The sailor, Ralph Parkiss — blond, teasing and boyish — attempted first to take away her ensign scarf. And then, playing the innocent, touched her at her waist. The whole of Miggy flushed. She’d gladly press her lips on any young man there. A fire was lit — in her, and on the beach. They warmed and dried themselves as timbers from the Belle smoked grey. The three seine boats pulled beyond the bar and soon were out at sea. The Belle of Wilmington settled into the wet sand of the bar. It would not break up; the seas were sheltered there, and shallow. On Monday there would be a rising tide of sufficient depth, with luck and wind, to float it free again. Captain Comstock turned his back on his command. He’d have to wait and see what happened to the Belle, and he would rather wait and see in some dry place, on solid land. He was not the hero of the day.

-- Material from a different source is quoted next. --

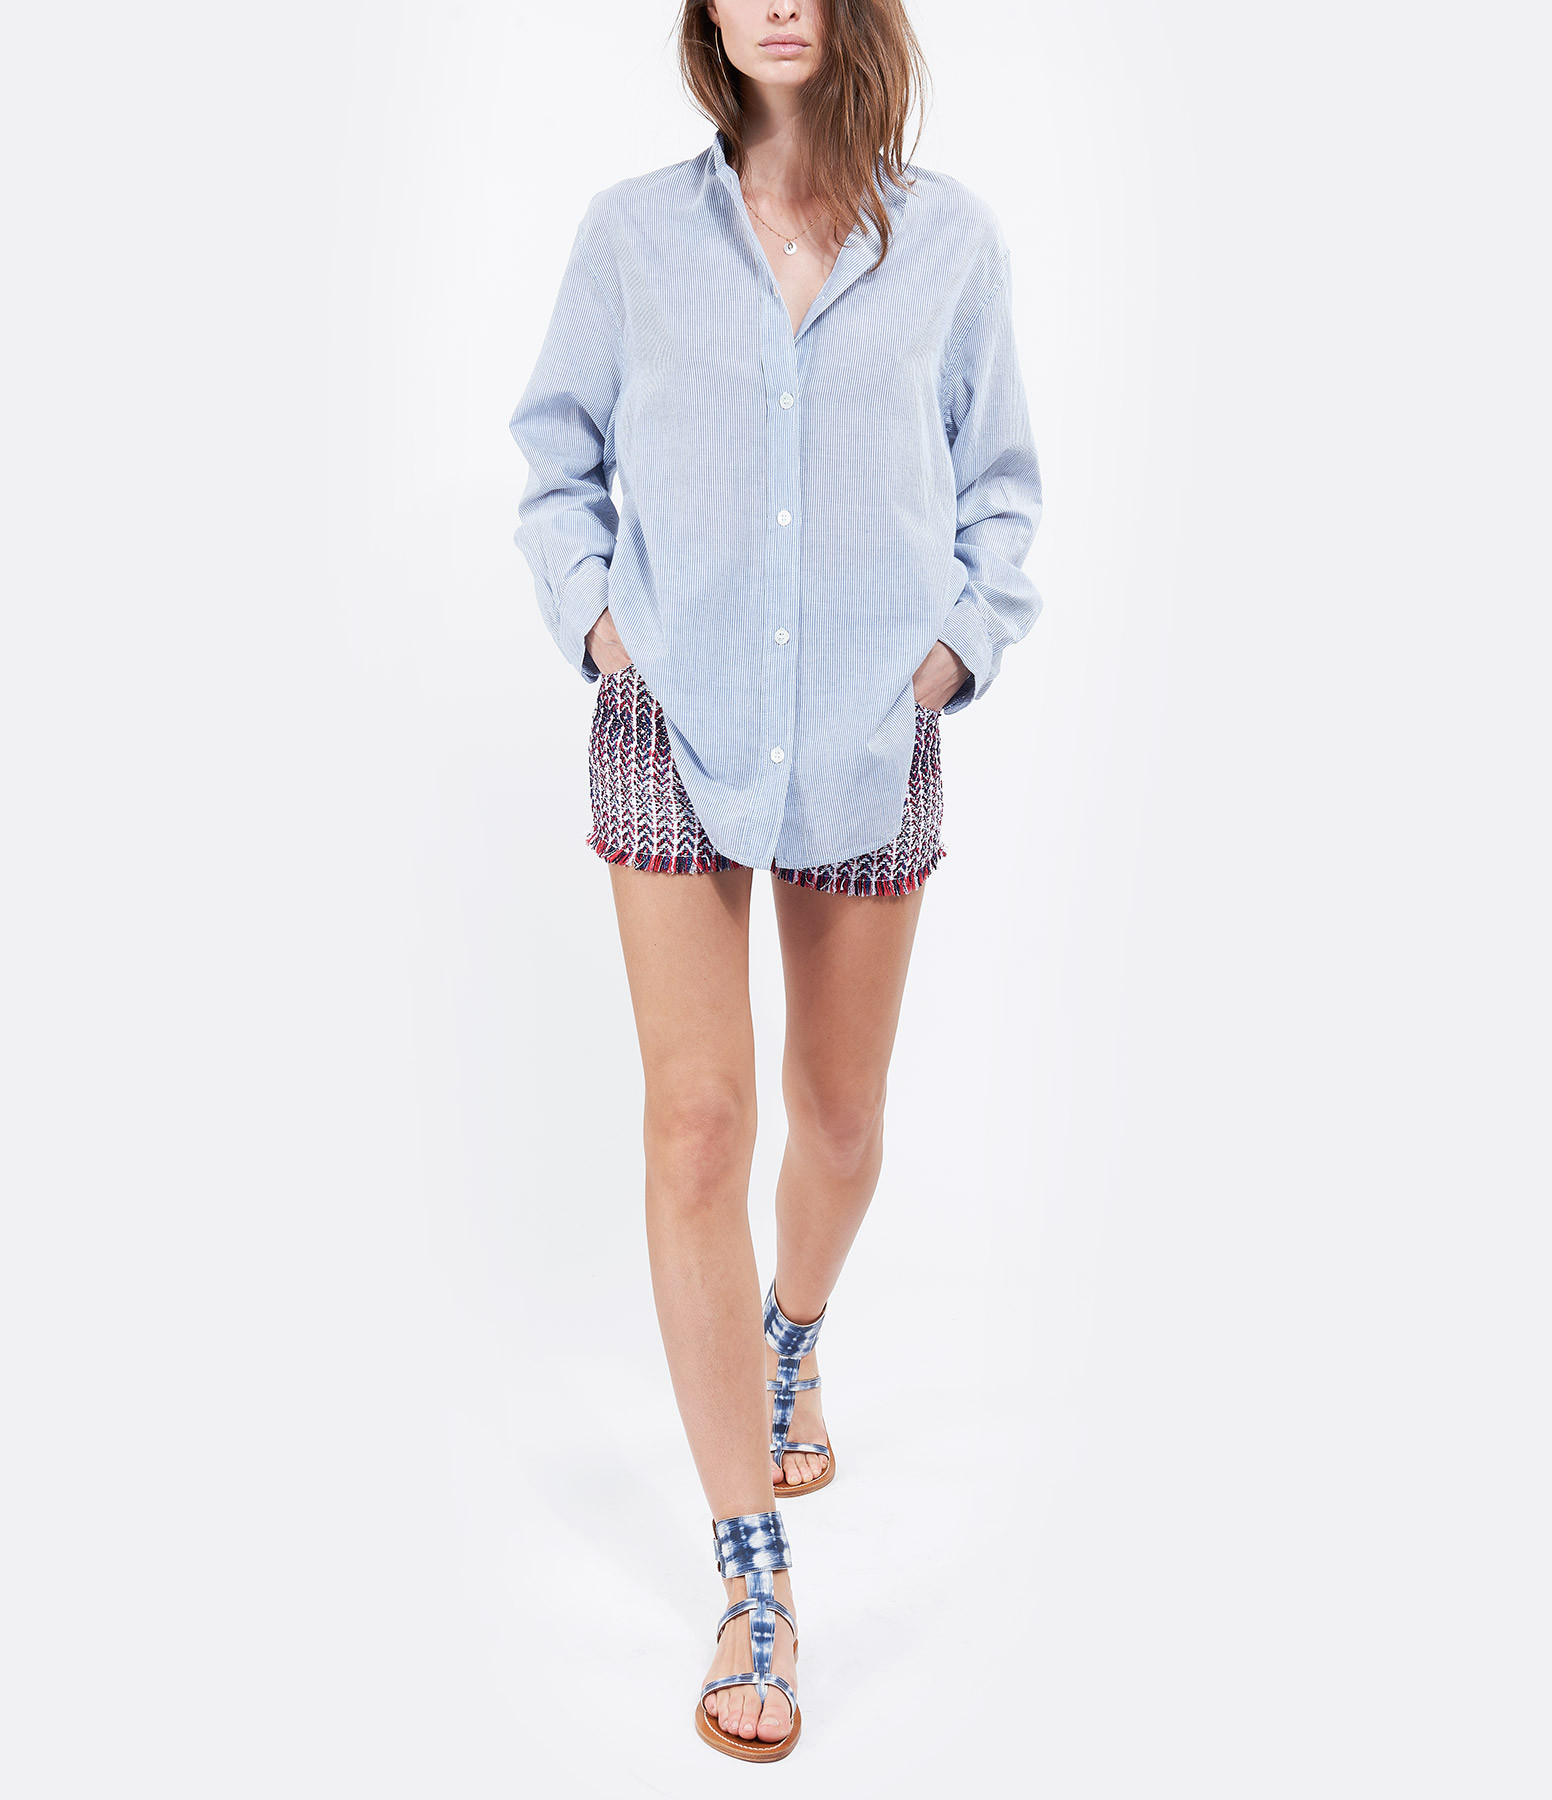 VANESSA BRUNO - Chemise Lidiane Coton Bleu

The Americans, with Otto sleeping in the cart, and Whip in tow, embarked upon the six-mile walk to Wherrytown, where there was food and lodging and where, by now, Aymer Smith, that other dreaming voyager by sea, had found the inn. Walter Howells rode ahead on his laming horse to spread the news. The air — scrubbed and quietened by the storm — was now so still that Miggy and her mother could take a lighted piece of wood and carry it the half-mile to Dry Manston to start a celebration fire in their own home. And what was there to celebrate, besides the passage of a storm? Much. Much. Much.

2. The Journey West

AYMER SMITH was taken to the inn in Wherrytown by George, the parlourman-cum-porter, whose job it was to bully custom from any ship that docked. George didn’t take to the Tar’s single passenger, the unpromising and unattractive Mr Smith. The man’s breath was foul. And his bookish jollity, his height, his thinness, his insistence that they shake hands like old acquaintances and then take turns to ‘bear the burden’ of his carriage bag on the short walk between the quay and the inn, were misplaced, misjudged, unbecoming. If they had to share the burden, would they also share the tip?

The night gale, which had lifted tiles and flung back doors in Wherrytown, had left the quayside scrubbed and clean. Aymer Smith remarked it was ‘a fresh and handsome town’, but, steady though he was in conversation, he had climbed awkwardly from the cabin to the deck. His shoulder was bruised, or worse, from the tumble from his bunk. His throat was sore and hot. His legs were still at sea. He was shivering, from cold and apprehension and timidity. George could only guess what business such a man could have in Wherrytown at that time of year, but what he knew was this, that Aymer Smith would not be an inspiring presence at the inn. Here was a moper. Here was a book snuffler. Here was a man who couldn’t sing.

Perhaps he couldn’t sing, but God the man could talk!